Une approche plurielle au service de l'unité du Soi

Formée aux théories psychanalytiques à l'Université de Montpellier et aux théories systémiques en Belgique, je n'ai pu me restreindre à privilégier une approche plus qu'une autre, à adopter un système de croyances monolithique. Il m'a toujours semblé dommage que les thérapies psychanalytiques pures sont trop cantonnées à la sphère intra-psychique et au passé  tandis que les thérapies systémiques se concentrent sur les relations inter-personnelles et sur l'ici et maintenant au détriment de l'éclairage des traumatismes précoces et des nœuds émotionnels qui parasitent le fonctionnement psychique et social. Ma psychothérapie personnelle m'a également initiée aux bienfaits des thérapies cognitives que je ne peux pas ignorer non plus dans ma pratique. alire l'article «La psychothérapie intégrative -  Essai de modélisation»

En fonction du tableau clinique présenté par le patient, de l'acuité de sa souffrance et/ou de l'urgence de sa situation, selon que son environnement est porteur ou plutôt ravageur, de sa demande et de sa motivation et surtout de sa problématique, j'opte pour telle ou telle approche. Il est pour moi essentiel de procéder au cas par cas et de tenir compte de l'évolution de la personne, du couple ou de la famille afin de travailler dans le référentiel le plus apte à être un guide dans la compréhension et la résolution des difficultés. Il faut choisir pour chacun le bon outil, c'est-à-dire la technique qui sera la plus efficace pour l'aider. C'est pourquoi, le terme de "multi-axiale" me paraît adéquat pour qualifier le type de psychothérapies que je propose.
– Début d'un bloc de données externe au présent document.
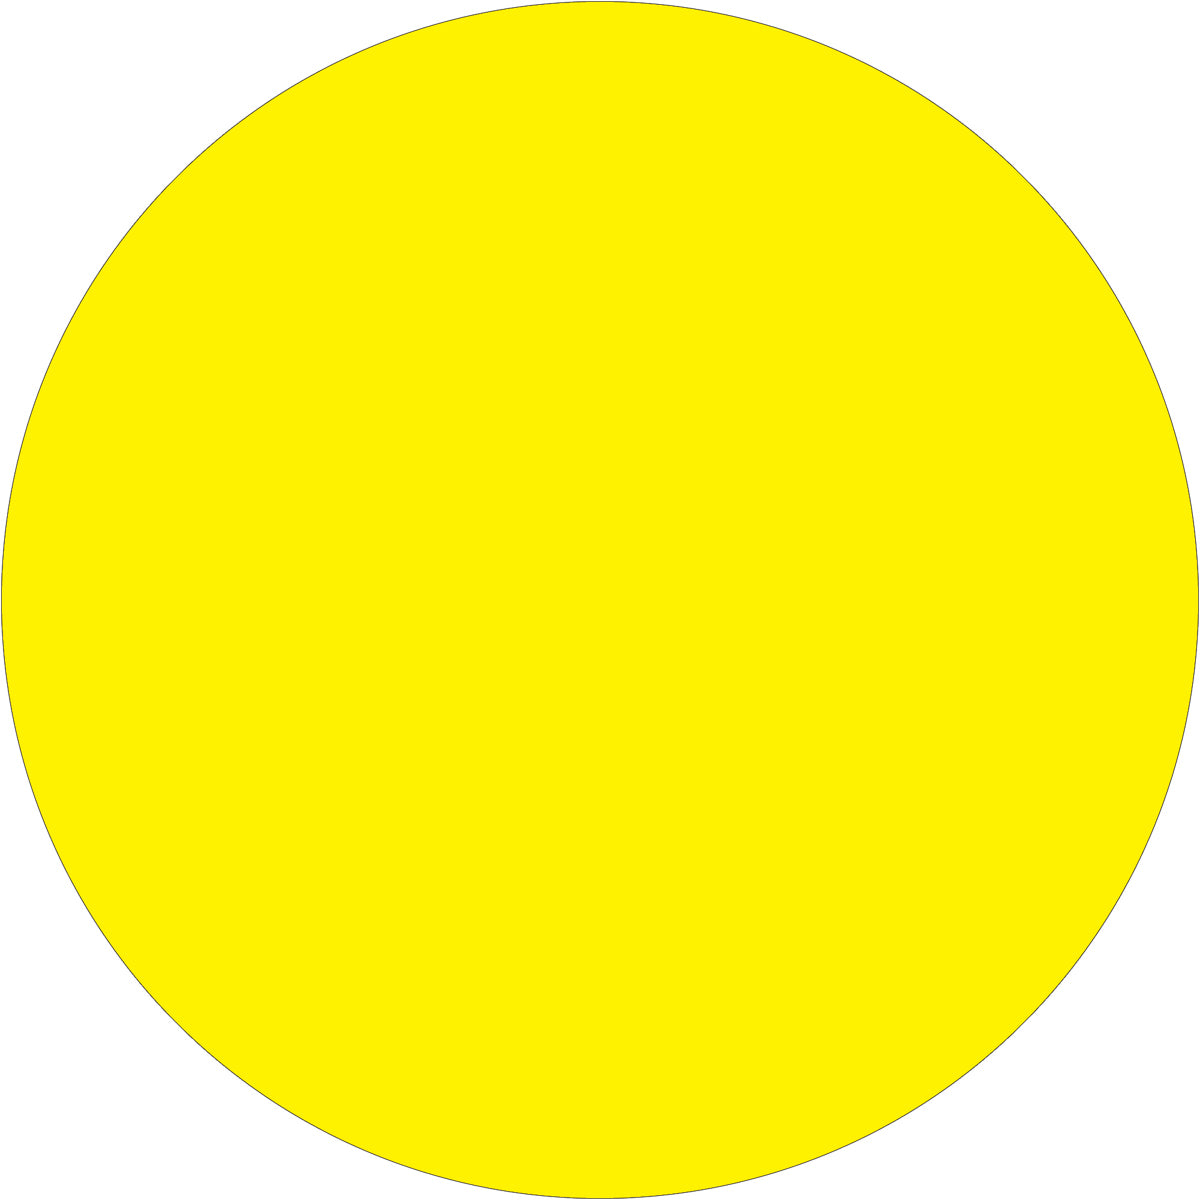 Цвет round. Желтые кружочки. Желтый кружок. Желтый круг на белом фоне. Желтый круг для карточек.

Phase préliminaire ou d'évaluation

Les buts recherchés lors de cette phase du traitement sont les suivants :

u Identification des facteurs précipitants ;
u Repérage des expériences traumatiques précoces ;
u Mise en lumière des attentes explicites et implicites ;
u Évaluation du rôle de l'environnement dans la dynamique psychique ;
u Mise en évidence des patterns répétitifs ;

a Définition de la problématique centrale

u Création d'une bonne alliance thérapeutique
u Évaluation de la motivation du patient

a Préciser la nature du changement recherché et déterminer quelle est la meilleure technique pour y parvenir. aindications thérapeutiques

a Présentation des conclusions diagnostiques et, si nécessaire, des modalités d'une prise en charge psychothérapique.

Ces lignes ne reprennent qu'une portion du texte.